Using the benignMHCquant2 dataset, we benchmarked MHCquant2 against the two state-of-the-art pipelines FragPipe [27] and PEAKS [28]. A 13.2% and 2.8% increase in unique HLA class I binder identifications were reported by MHCquant2 (133,163 unique HLA class I binders) compared to FragPipe (117,676 unique HLA class I binders) and PEAKS (129,560 unique HLA class I binders), respectively.

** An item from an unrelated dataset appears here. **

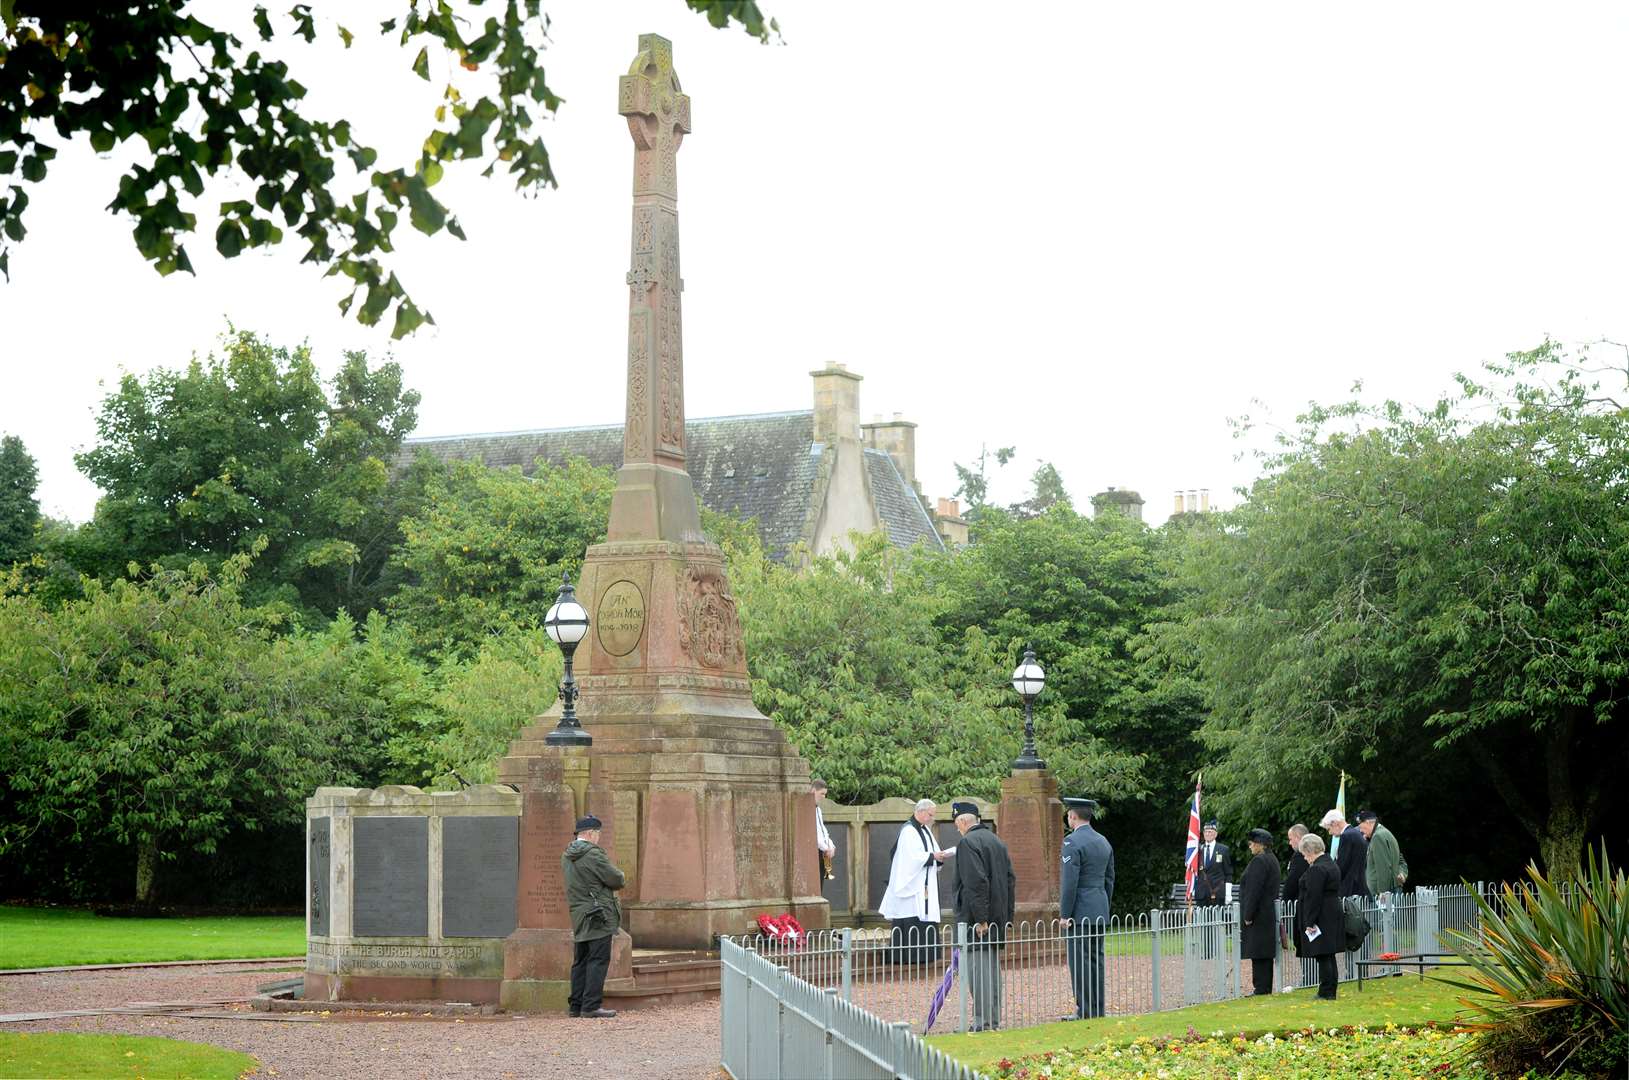 The War Memorial in Cavell Gardens.

Unique HLA class II peptide identifications showed an increase of 5.1% of MHCquant2 (204,291 unique HLA class II peptides) compared to FragPipe (194,428 unique HLA class II peptides) and 1.6% compared to PEAKS (201,009 unique HLA class II peptides, Additional file 1: Fig. S4C). The increase in HLA class I binders is also reflected across HLA class I allotypes with a mean identification improvement of 13.8% compared to FragPipe and 2.0% compared to PEAKS (Fig. 2E). No pipeline-specific bias for HLA class I allotypes could be observed. Overlap analysis of identified peptides by each pipeline delineates 105,825 shared unique HLA class I binders and 171,698 shared HLA class II peptides (Fig. 2F and Additional file 1: Fig. S4D). 2992, 8552, and 9850 HLA class I binders were identified exclusively by FragPipe, PEAKS, and MHCquant2, respectively. Among these, MHCquant2 yielded 70.9% predicted strong binders (SB), 91.5% total binders (B) and 8.5% non-binders (NB), compared to FragPipe (56.9% SB, 81.7% B, 18.3% NB) and PEAKS (60.2% SB, 86.8% B, 13.2% NB). In contrast, 7740, 14,313, and 12,431 HLA class II peptides were found exclusively by the respective pipelines. MHCquant2-exclusive HLA class I binders report lower percentile ranks, indicating higher-affinity HLA-binding peptides compared to FragPipe- and PEAKS-exclusive peptides (Fig. 2F and Additional file 1: Fig. S4E). FragPipe- and MHCquant2-exclusive HLA class I binders show an expected length distribution that fits the overall length distribution. In contrast, PEAKS-exclusive 8-mer HLA class I binders tend to occur with a higher frequency. This preference for shorter peptides was also observed for the PEAKS-exclusive HLA class II peptides. Interestingly, FragPipe-exclusive HLA class II peptides tend to be longer than the overall length distribution (Additional file 1: Fig. S4D). The median GRAVY score was higher for PEAKS-exclusive HLA class I binders (median 0.43) compared to FragPipe (median 0.25) and MHCquant2 (median 0.06), indicating an increased hydrophobicity of these peptides (Additional file 1: Fig. S4F).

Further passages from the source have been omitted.